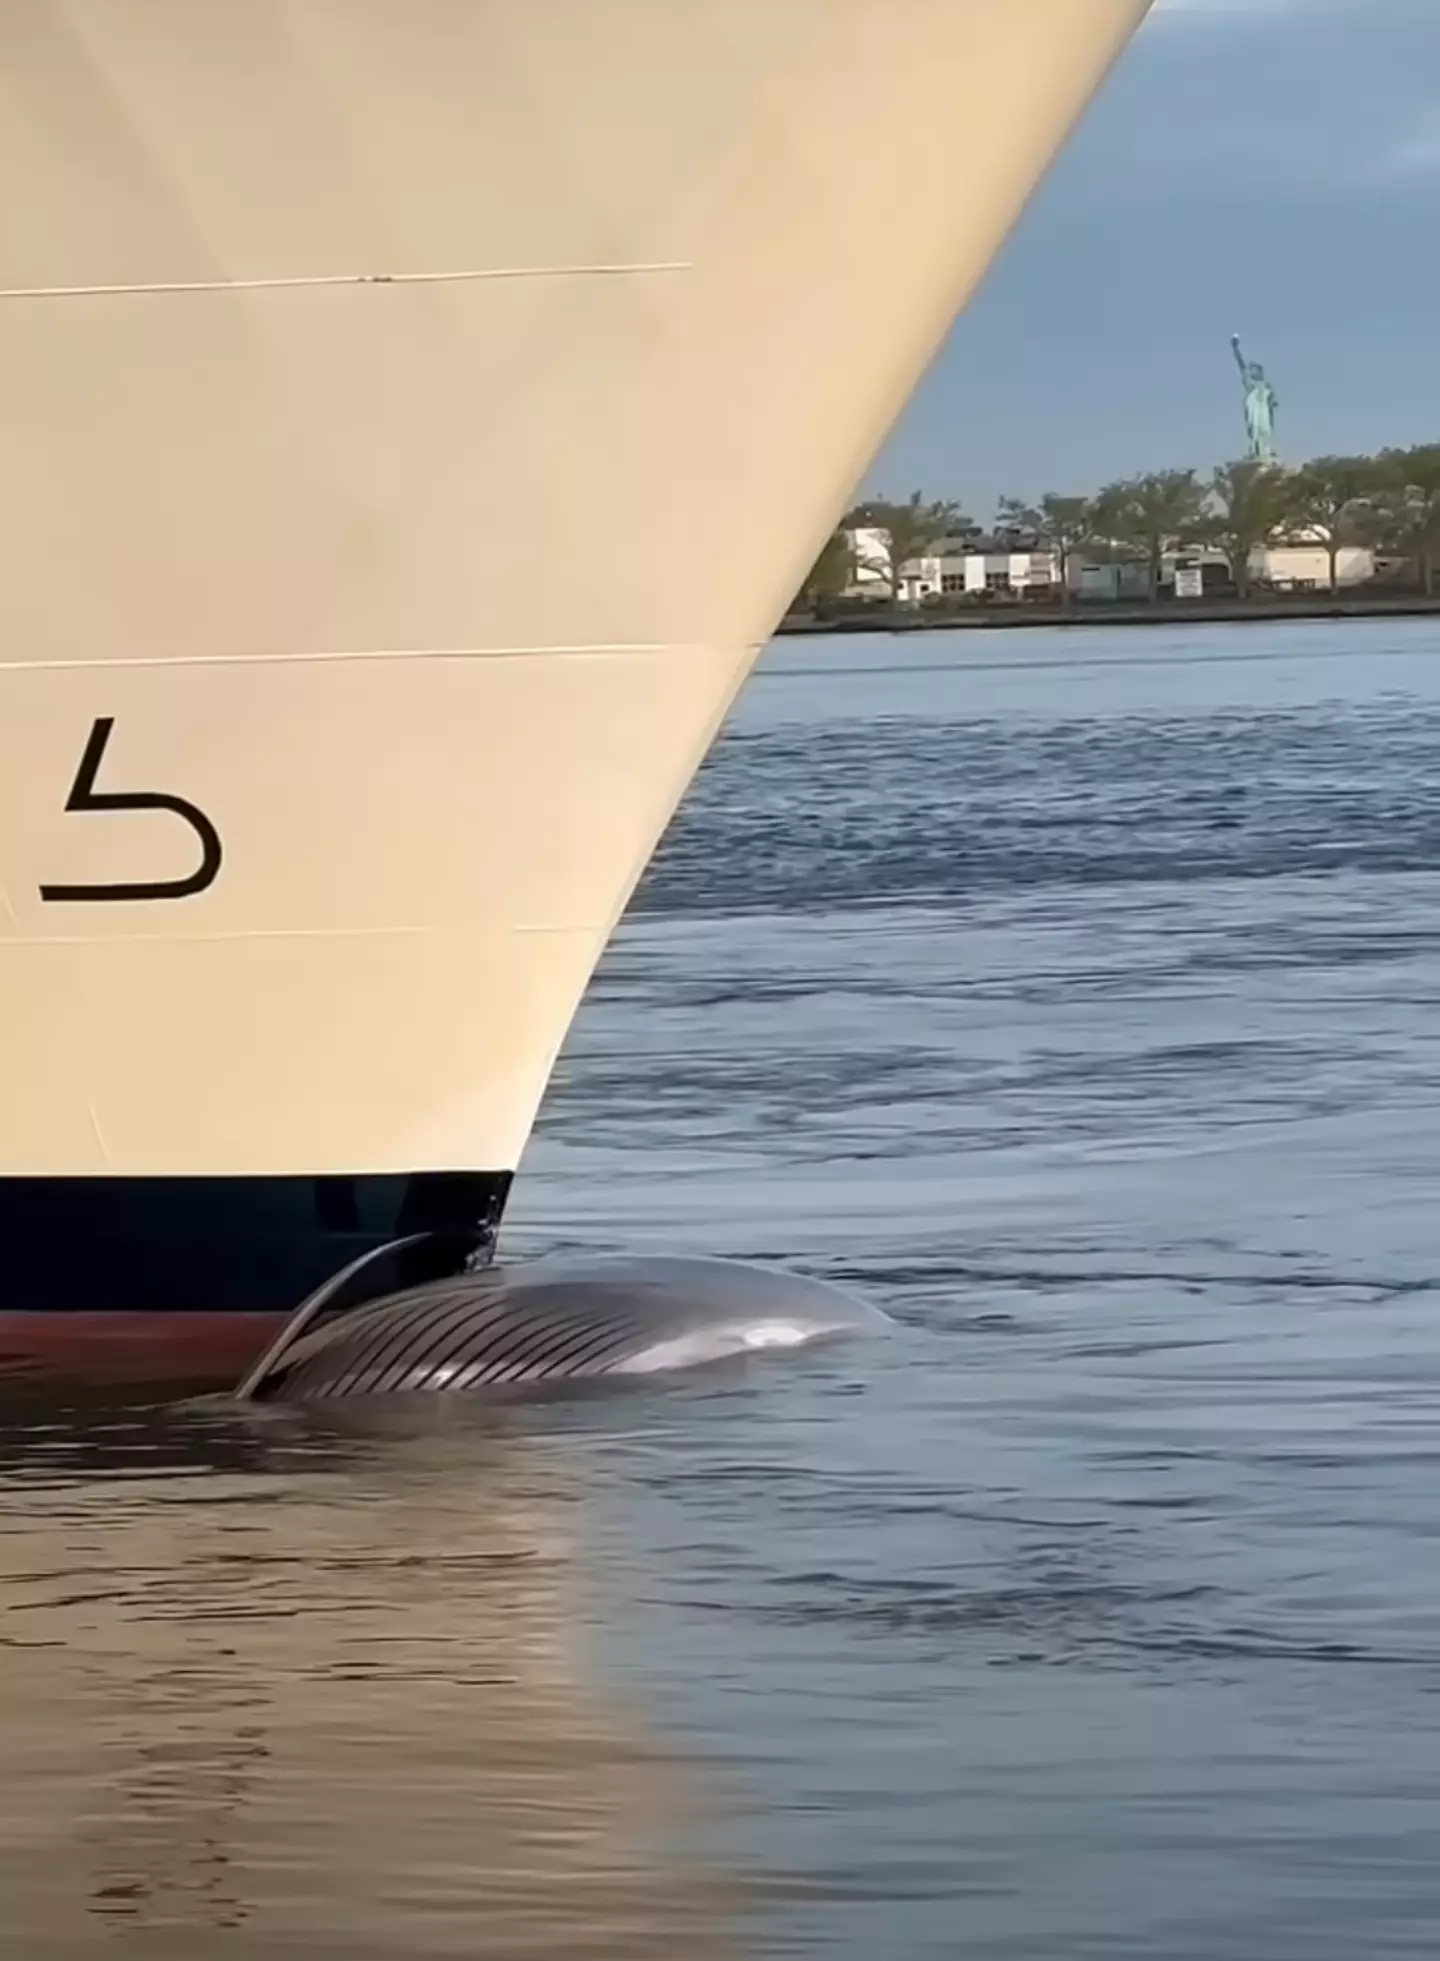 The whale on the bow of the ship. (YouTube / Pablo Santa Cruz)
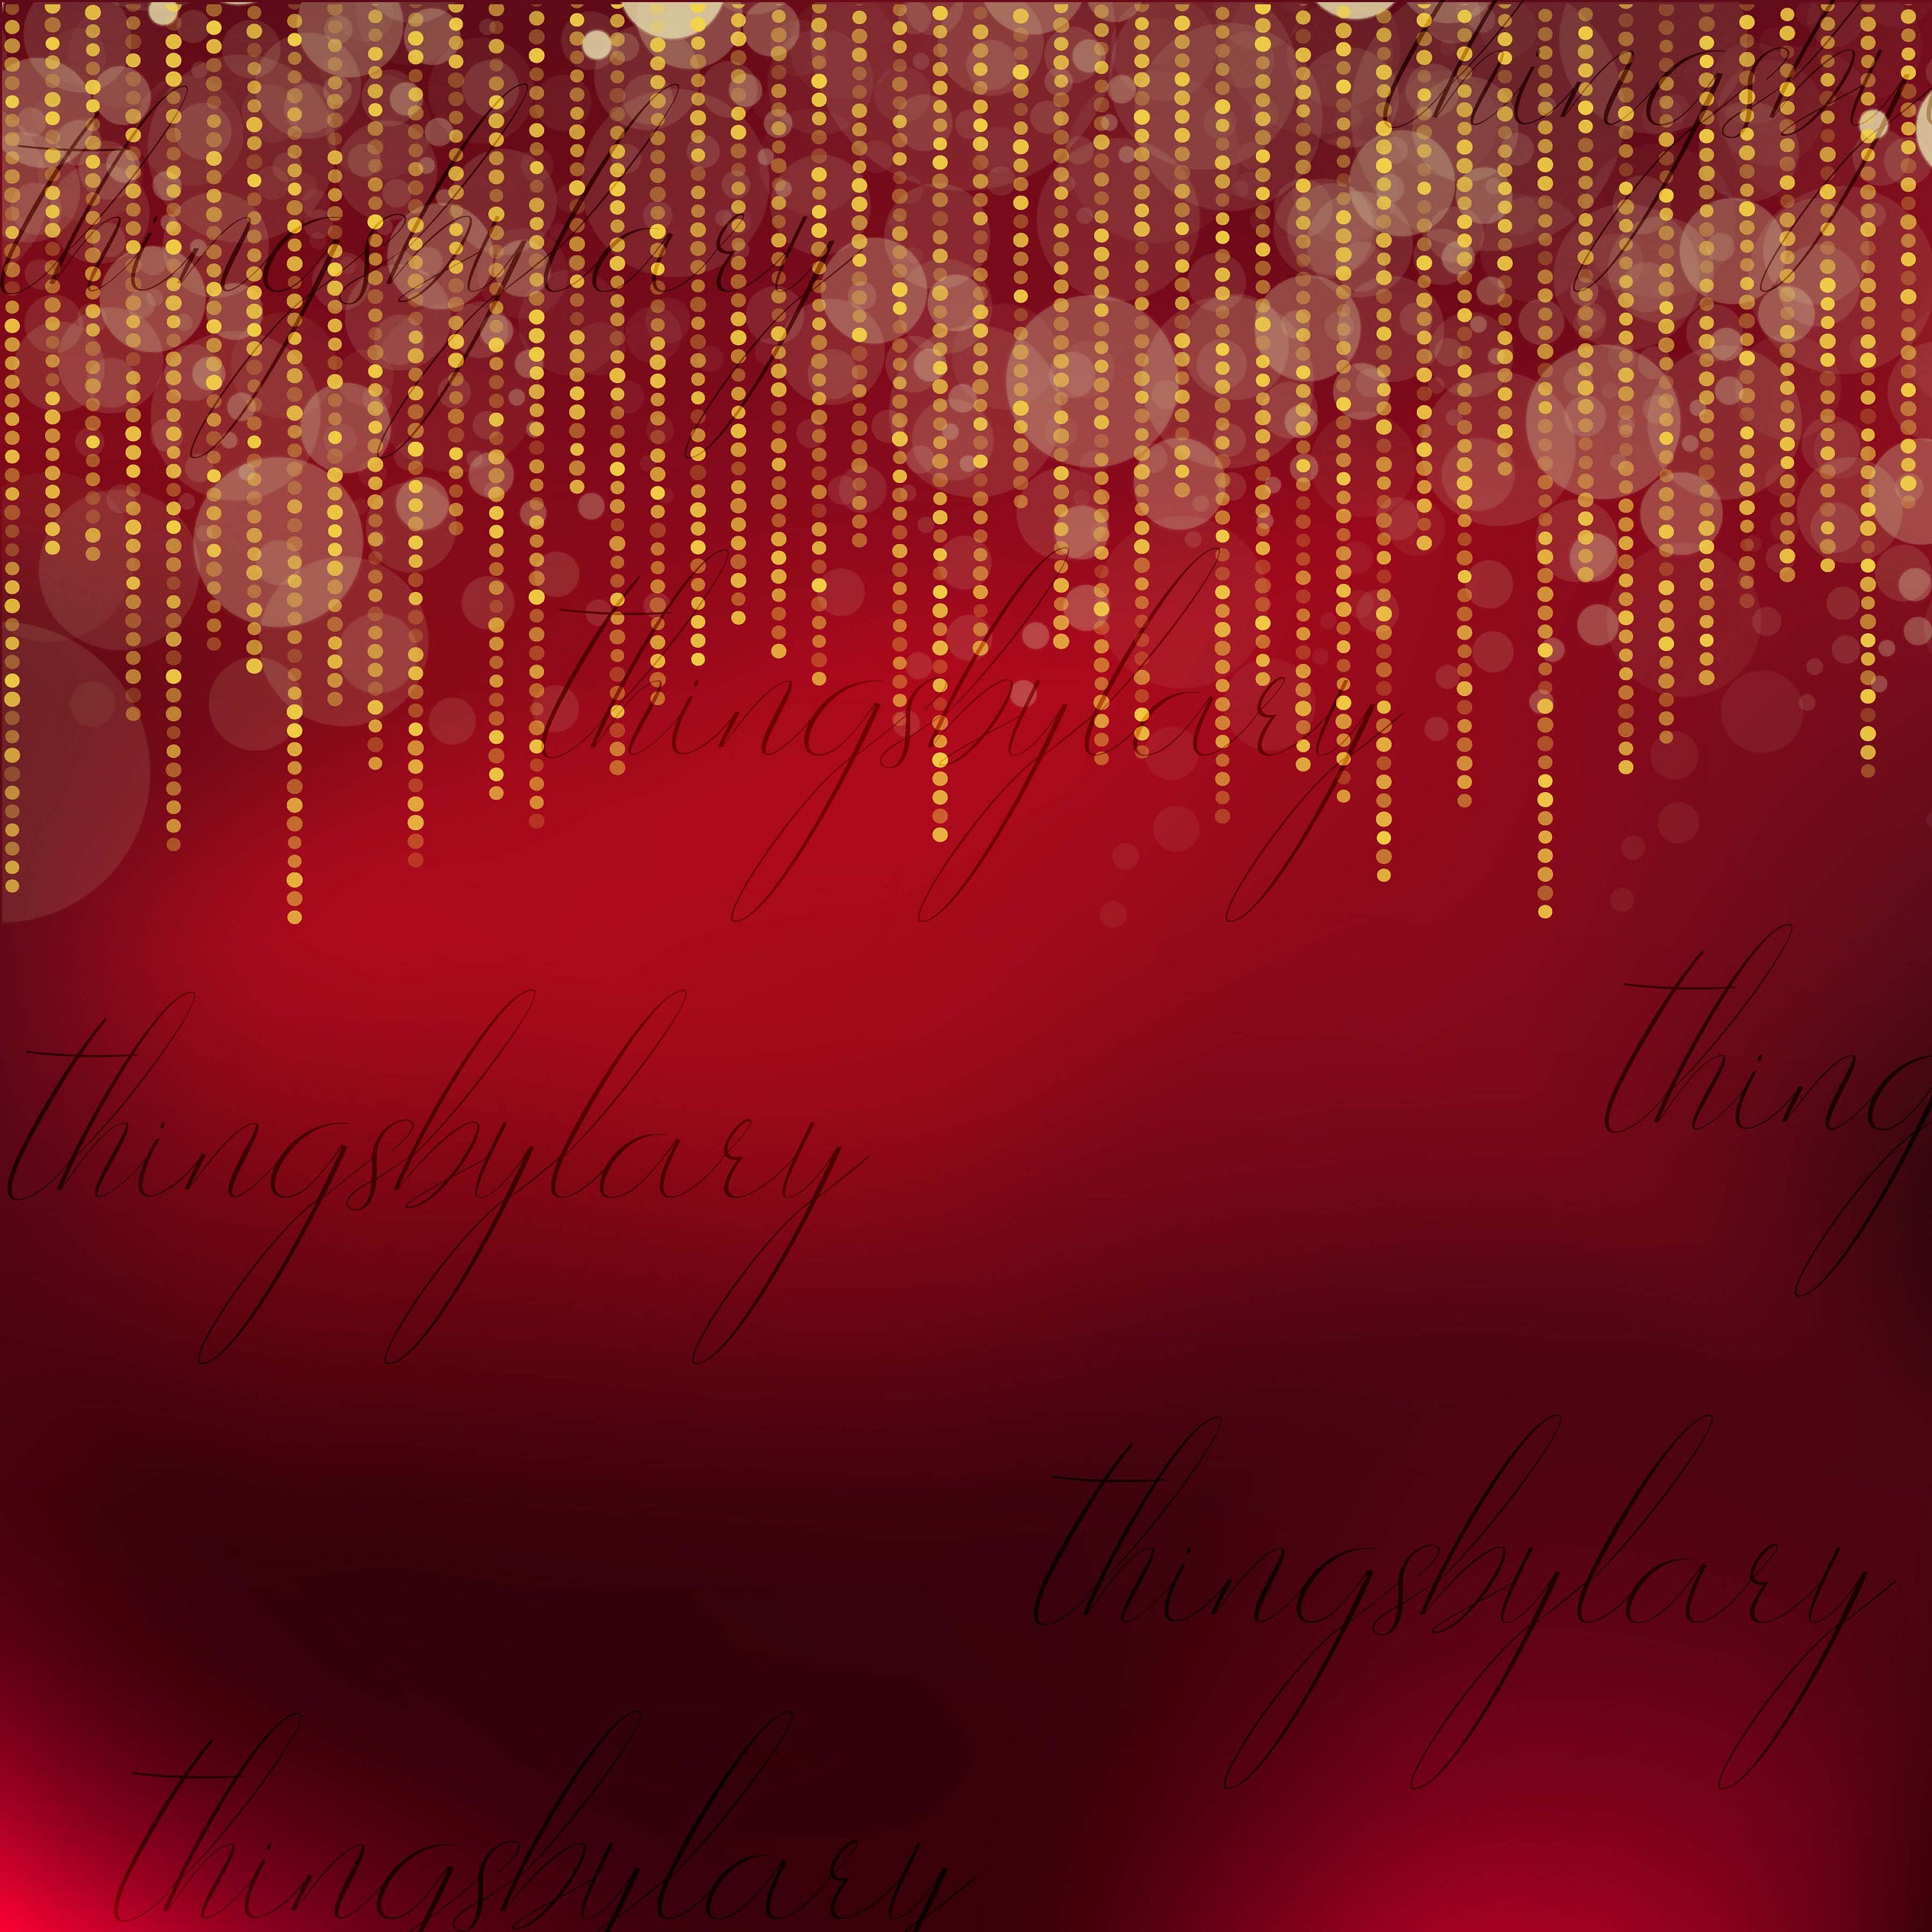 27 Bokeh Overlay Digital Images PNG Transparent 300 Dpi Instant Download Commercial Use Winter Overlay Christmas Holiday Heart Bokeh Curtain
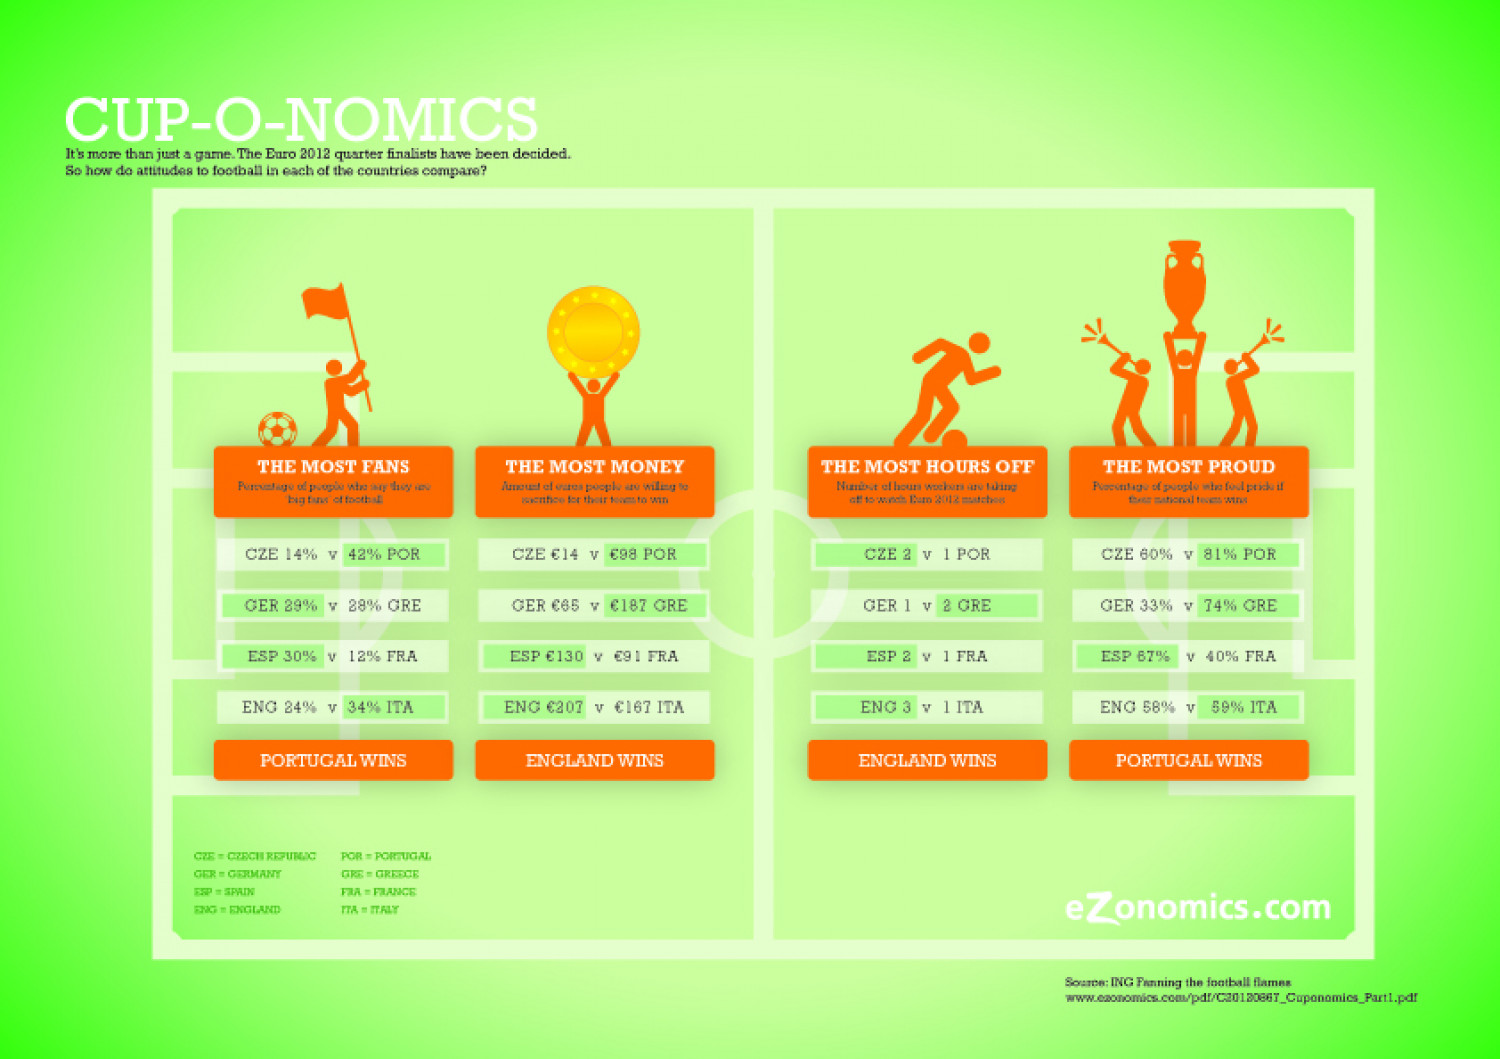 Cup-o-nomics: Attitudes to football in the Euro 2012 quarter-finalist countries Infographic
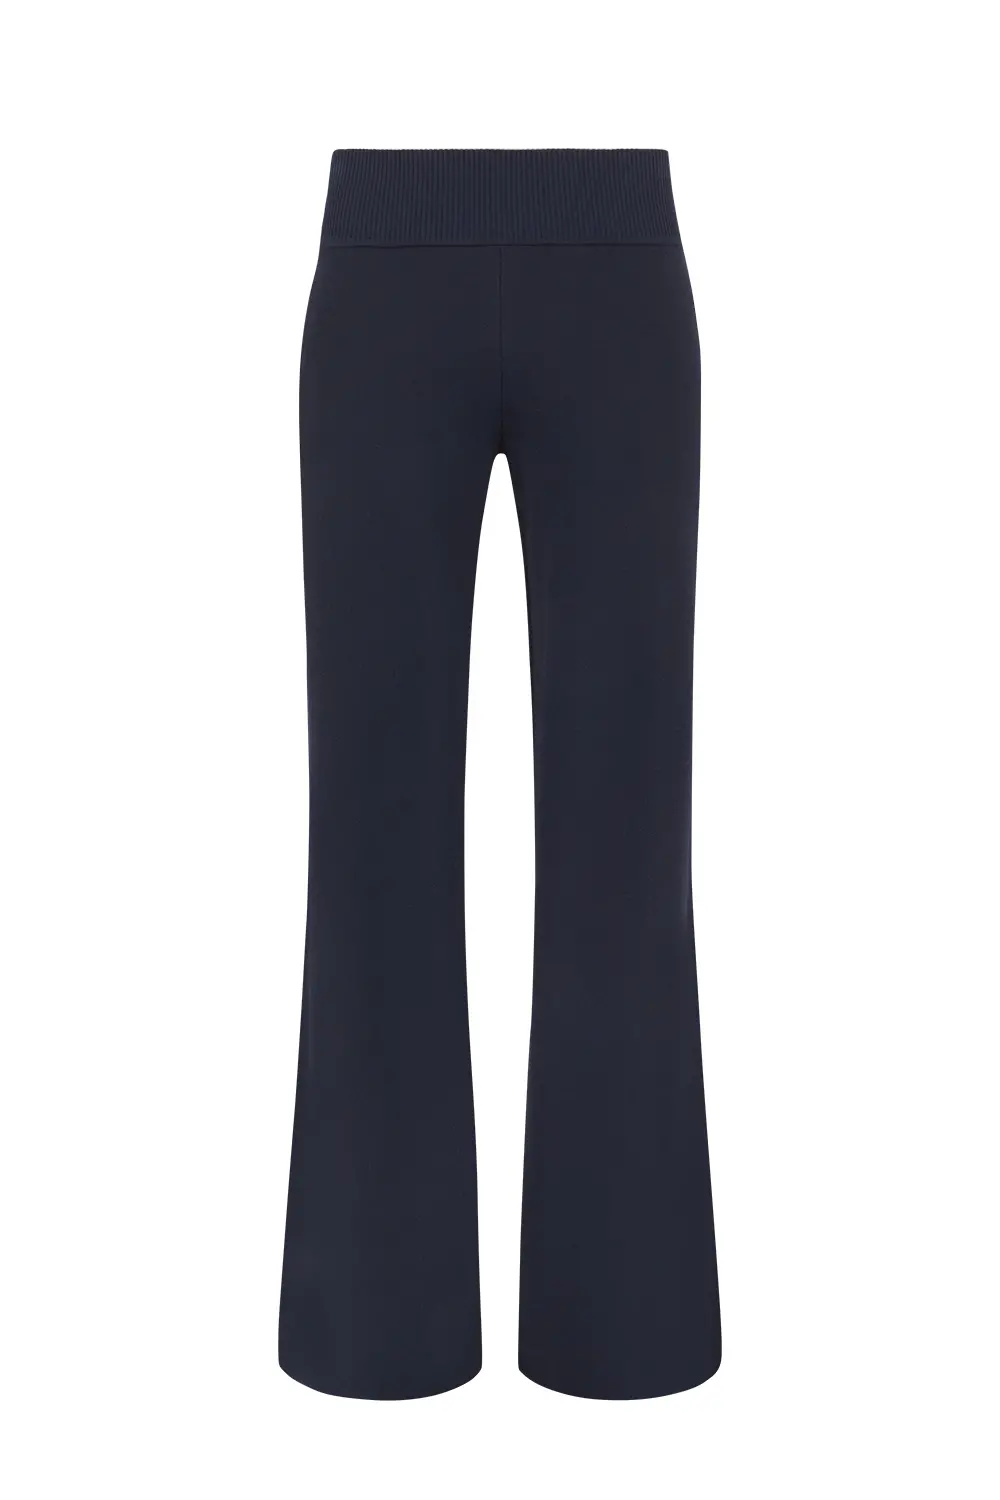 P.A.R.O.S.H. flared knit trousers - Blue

PROBLEM TO SOLVE: Write the data out again word for word; leave the pictures behind.

OUTPUT BELOW:
 The whale on the bow of the ship. (YouTube / Pablo Santa Cruz)
 27 Bokeh Overlay Digital Images PNG Transparent 300 Dpi Instant Download Commercial Use Winter Overlay Christmas Holiday Heart Bokeh Curtain
 Cup-o-nomics: Attitudes to football in the Euro 2012 quarter-finalist countries Infographic
 P.A.R.O.S.H. flared knit trousers - Blue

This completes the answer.